Even if the previous works claim good results on highlight classification, they do not analyze a variety of ball hitting event types and have no idea of the detailed batting process and ball movement within a shot, such as: “The ball batted into the left infield is picked up by an infielder and then thrown to the first baseman.” In nature, the first/second/third basemen, the shortstop as well as other players are important objects in terms of event understanding. However, when the camera focuses on a player, it is hard to recognize his fielding position. Hence, in this paper we explore field shots (the shots follow the batted ball in the field) and utilize the game-specific spatial patterns, e.g., the bases and the pitch mound, to identify the regions which the ball has passed through. With great success in speech recognition, HMMs are effective models for time-varying patterns and have been used widely in scene modeling for sports video [21], [22], [23], [24]. Thus, we propose an HMM-based mechanism to detect and classify up to 11 ball hitting events: (1) single, (2) double, (3) pop up, (4) fly out, (5) ground out, (6) two base hit, (7) foul ball, (8) foul out, (9) double play, (10) home run, and (11) home base out. In addition to providing the detailed description of each play, a baseball exploration system is also developed, so users can efficiently retrieve the batting clips desired. With the proposed framework, highlight extraction and event indexing in baseball video will be more powerful and practical, since comprehensive, detailed, and explicit information about the game can be presented to users.

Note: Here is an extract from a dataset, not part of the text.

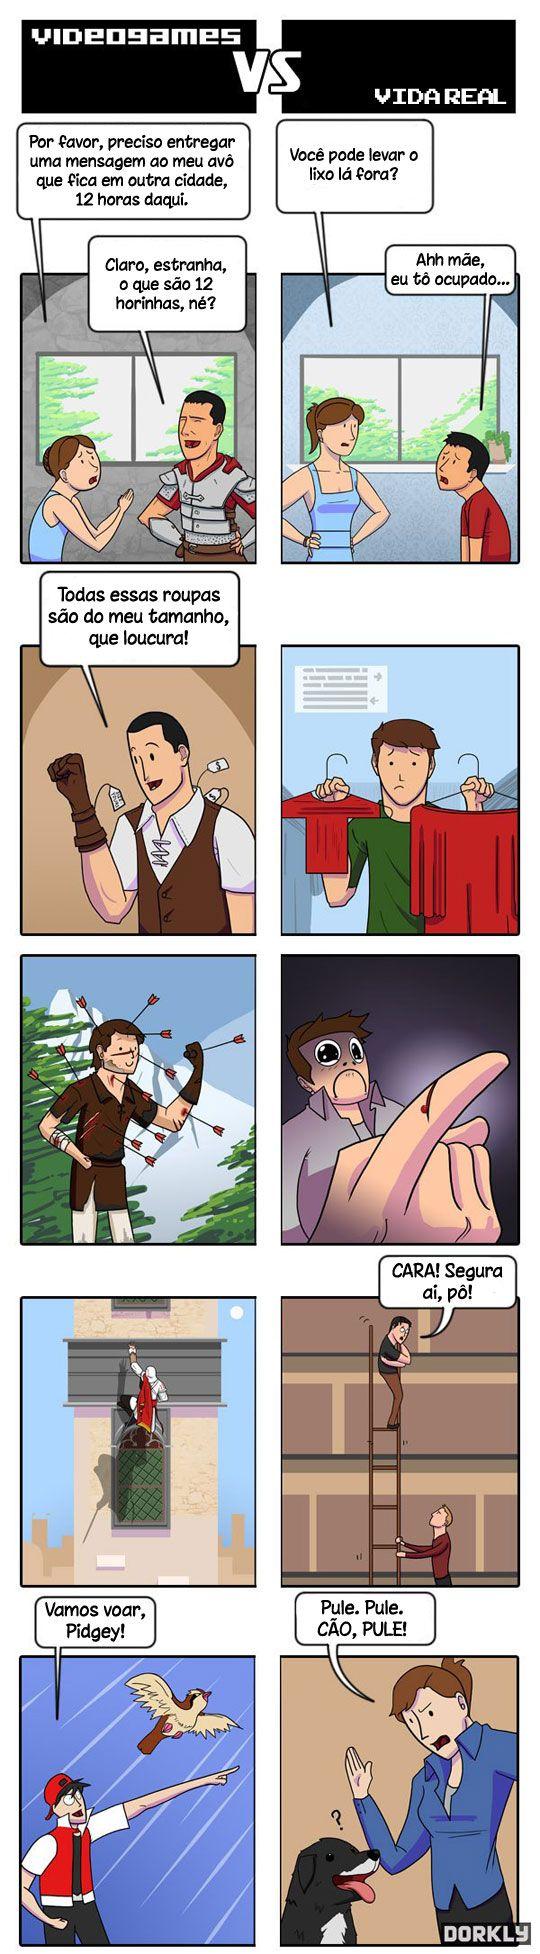 Video Games vs Vida Real

The rest of the paper is organized as follows. Section 2 describes the system overview of the proposed ball hitting event recognition. The processes of visual feature extraction and frame type classification are explained in Sections 3 Visual feature extraction, 4 Frame type classification and annotation string generation, respectively. Section 5 elaborates how to recognize ball hitting events using HMM. Experimental results and discussion are presented in Section 6. Section 7 introduces extensive applications based on the proposed system. Finally, Section 8 concludes this paper and describes the future work.